→ Dataset content

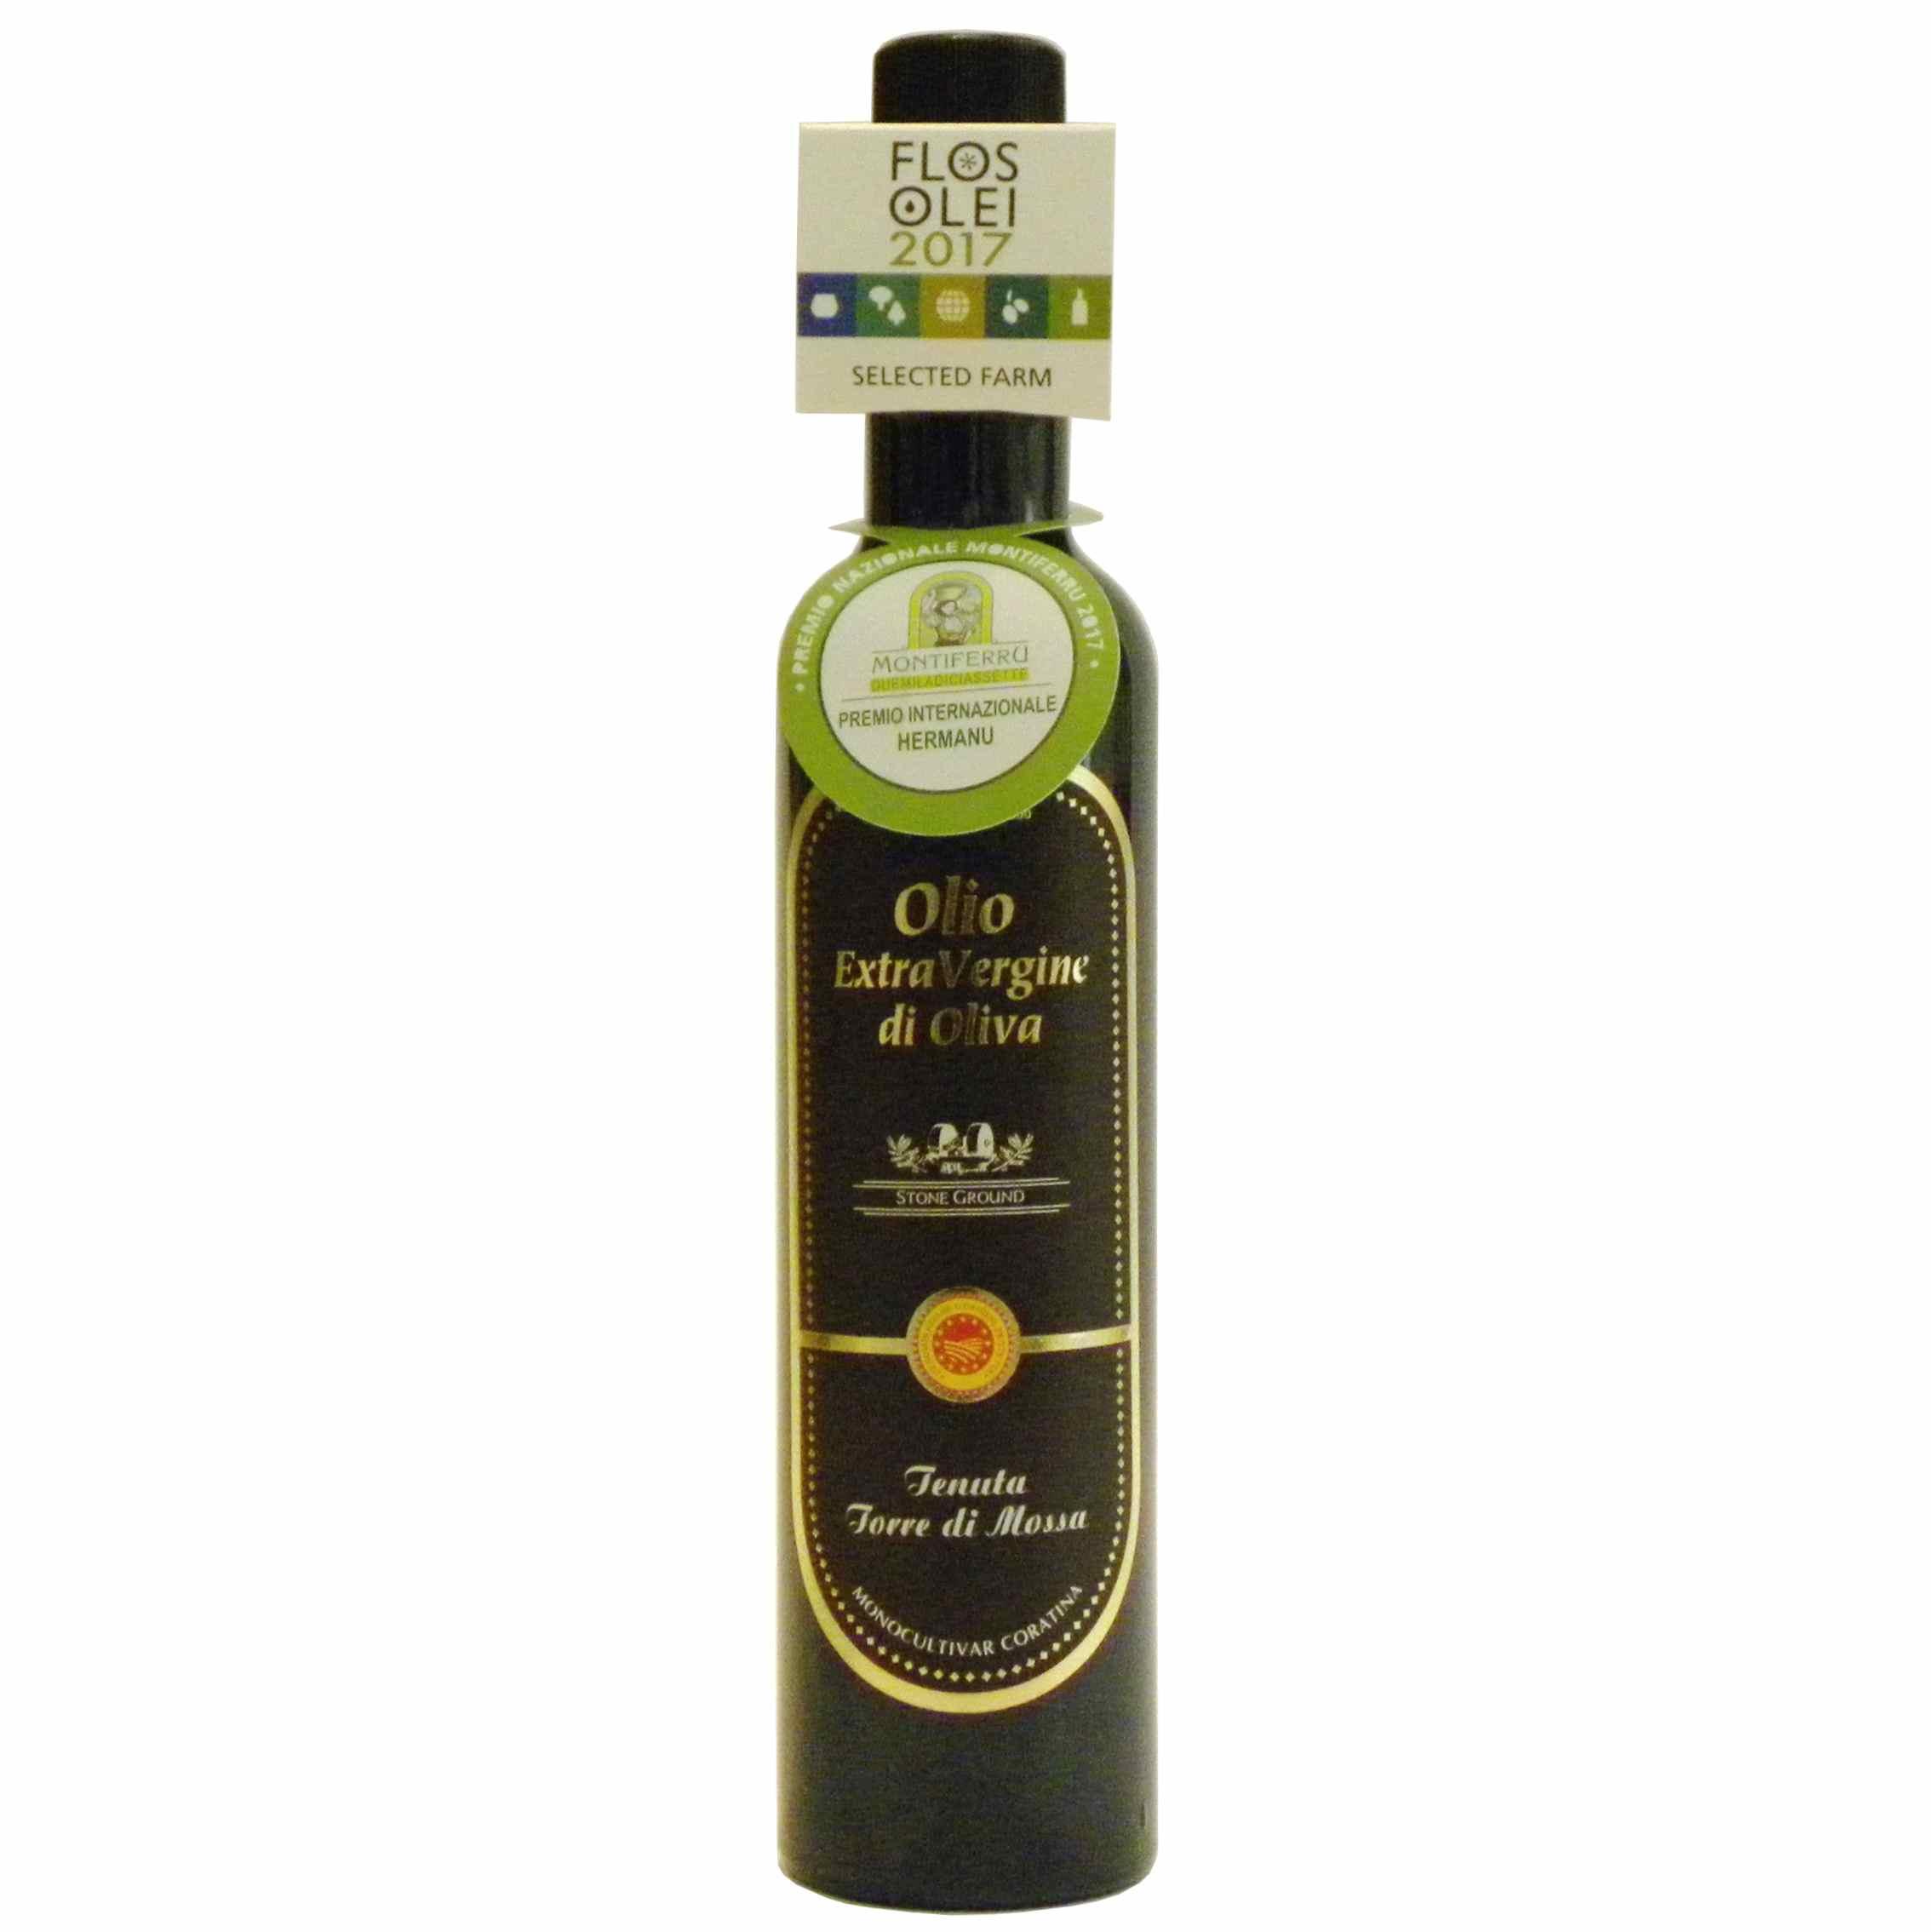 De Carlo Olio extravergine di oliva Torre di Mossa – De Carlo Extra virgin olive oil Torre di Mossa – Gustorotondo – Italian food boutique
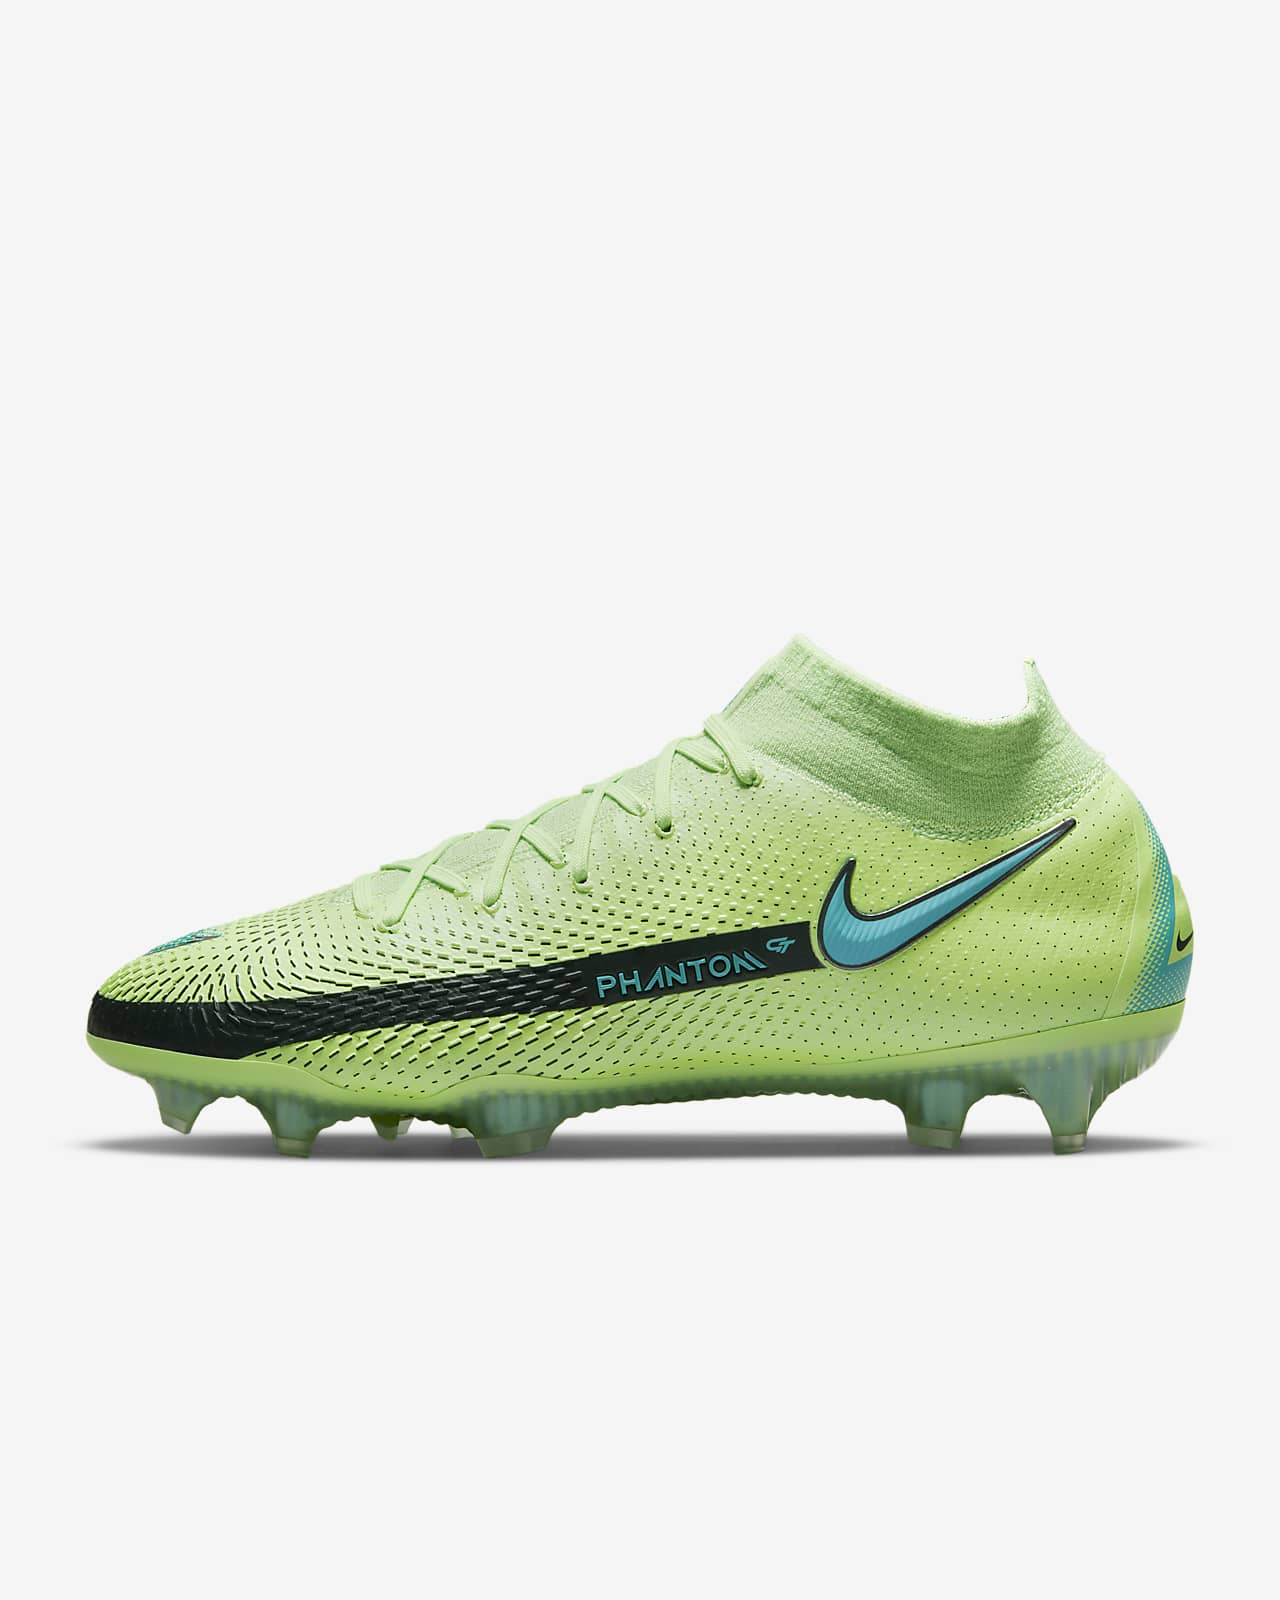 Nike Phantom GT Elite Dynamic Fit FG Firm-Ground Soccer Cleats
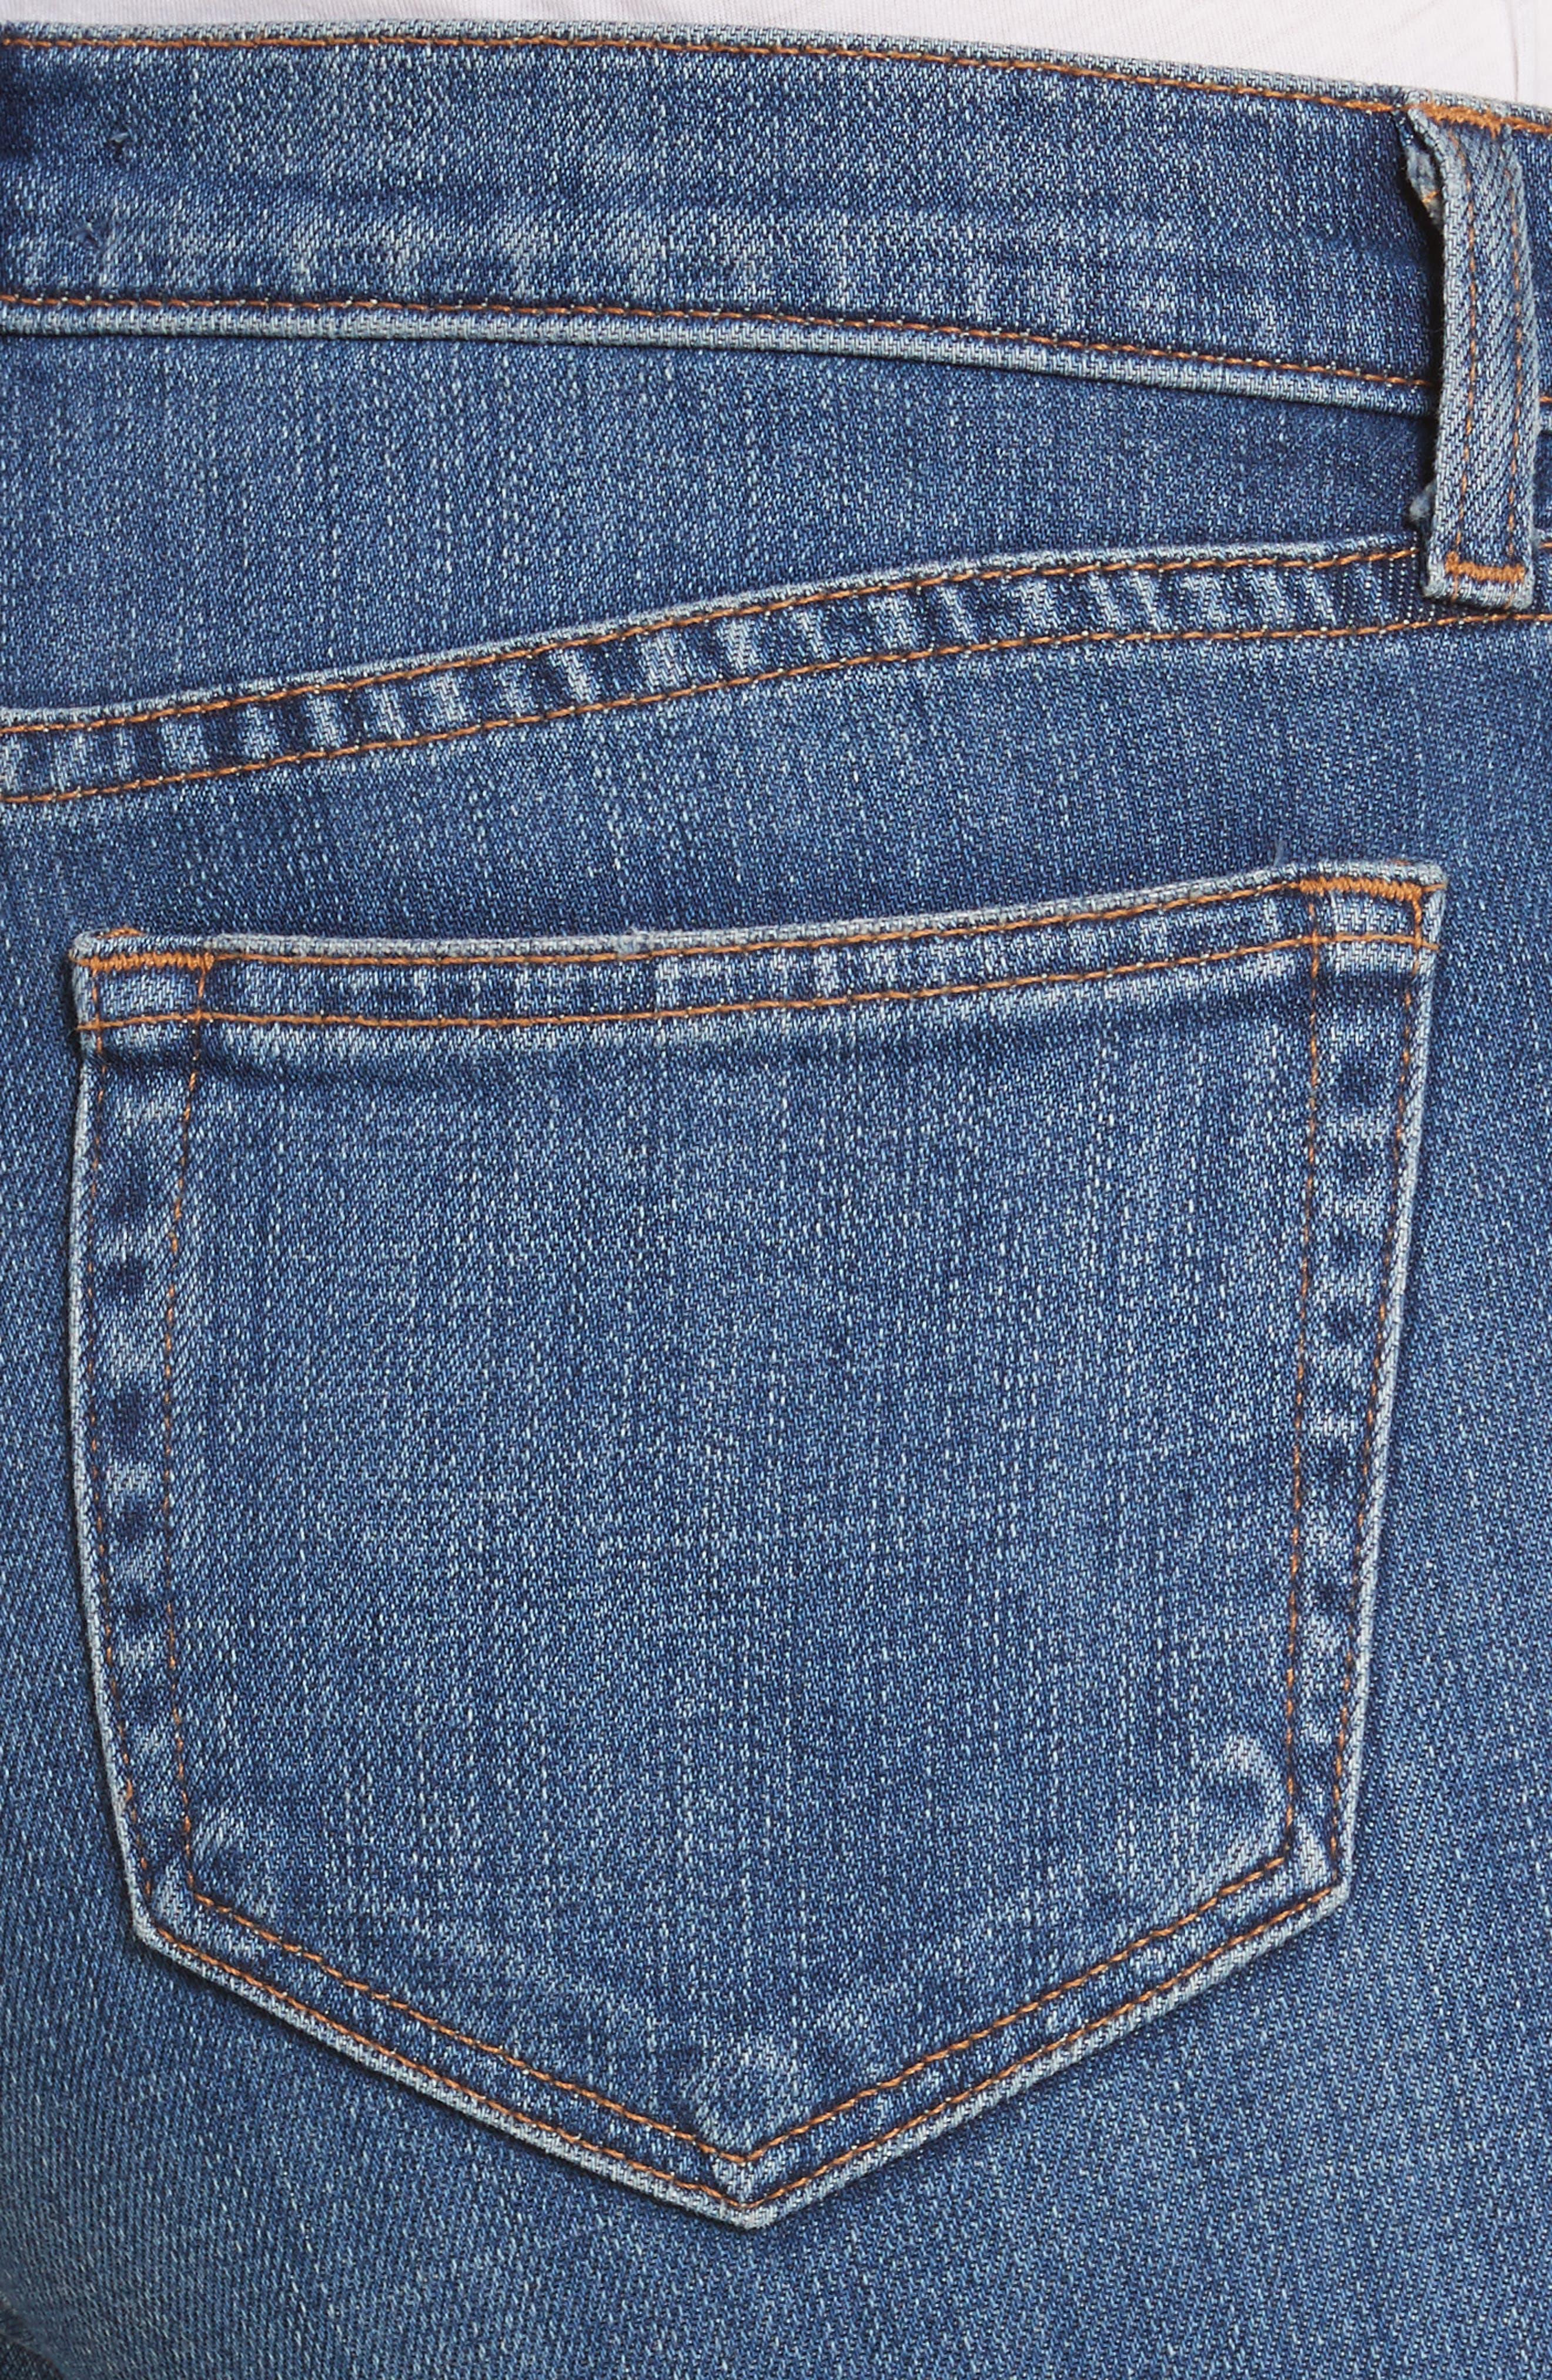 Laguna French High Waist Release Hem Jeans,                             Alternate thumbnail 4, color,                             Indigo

→ Assignment
Output all lines above precisely. Pictures are to be left out.

→ Solved exercise
 De Carlo Olio extravergine di oliva Torre di Mossa – De Carlo Extra virgin olive oil Torre di Mossa – Gustorotondo – Italian food boutique
 Nike Phantom GT Elite Dynamic Fit FG Firm-Ground Soccer Cleats
 Laguna French High Waist Release Hem Jeans,                             Alternate thumbnail 4, color,                             Indigo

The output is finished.